Tarım teşkilatının başında başarılı ve dürüst bir kardeşimiz var... Özkan Kayacan... Müdürlüğün sitesine girerek biyografisine baktım, sektörün her sahasında adeta görev almış... İl Müdürlüğü’ne atandığı süre içerisinde de şeffaf ve dürüst bir yönetim anlayışı ile Kayseri’de bir yandan gıda kontrolünü sağlamaya çalışıyor, diğer yandan tarım ve hayvancılığı geliştirme adına gerekli adımları atıyor. Özetle, tarım ve hayvancılık açısından Kayseri’ nin geleceği inşallah daha parlak.

 

KARPUZATAN

Pastırma ve sucuk üretiminin merkezi olan Karpuzatan mutlaka yeniden yapılandırılmalıdır.
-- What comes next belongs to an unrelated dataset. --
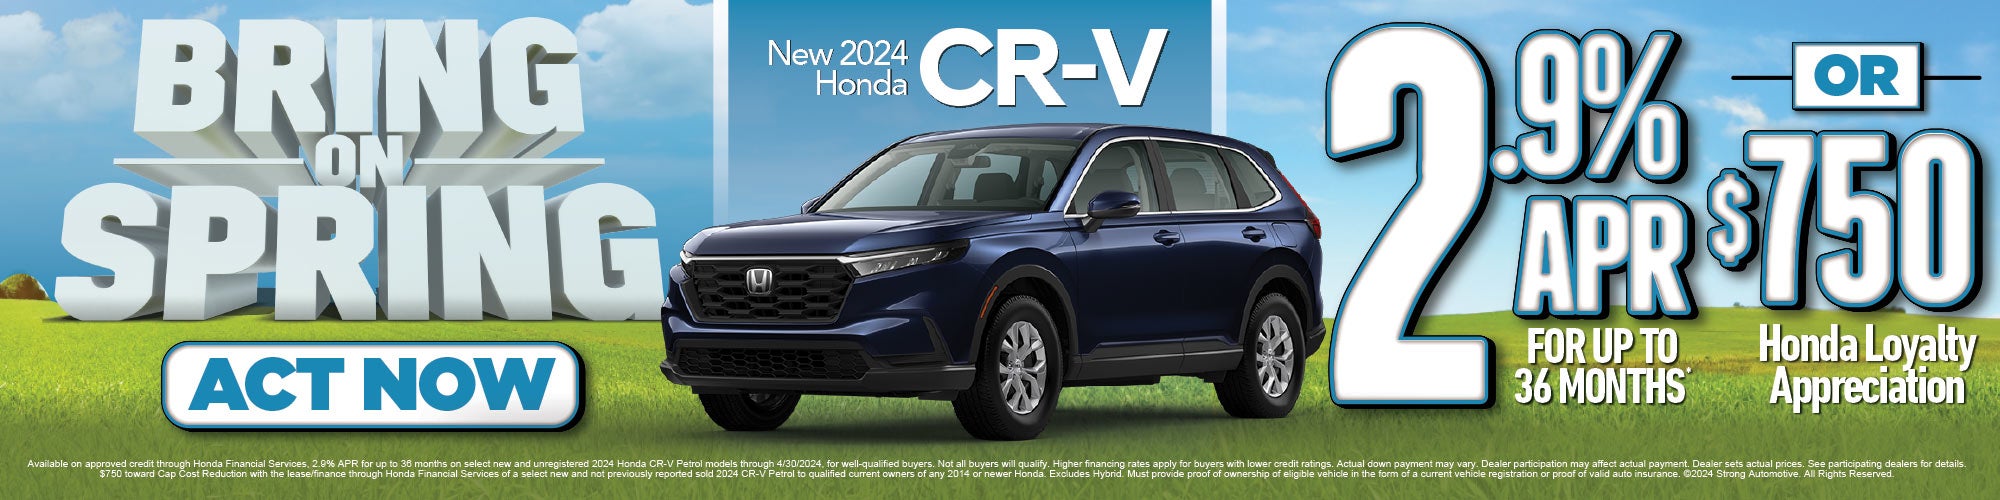 2024 Honda CR-V 2.9% APR for up to 36 months

Daha önce bu sütunda Borsa Başkanı Ünlü ile bazı üreticilerin Belediye başkanları Mehmet Özhaseki ve Bekir Yıldız’la ayrı ayrı görüştükleri, geçtiğimiz günlerde de Vali Şerif Yılmaz’ın ilgili bürokratların katılımıyla pastırma-sucuk üreticileri ile biraraya geldikleri biliyoruz. Önümüzdeki 5 yıl içerisinde (hatta o zamana kalmayabilir) Karpuzatan kesinlikle taşınır. Daha önce çalışmalar Sivas istikametinde şekillenmişken, şimdi İncesu cenahında yer arayışları sürüyor... Yerel seçim sürecinde bu işin daha çok konuşulması muhtemel. Bakanlık da hemen her gün gıda üretimleri ile ilgili yeni kararlar alıyor... Detaya girmeme gerek yok, pastırma-sucuk üreticileri Bakanlığın isteklerini ancak yeni yerlerinde gerçekleştirebilirler.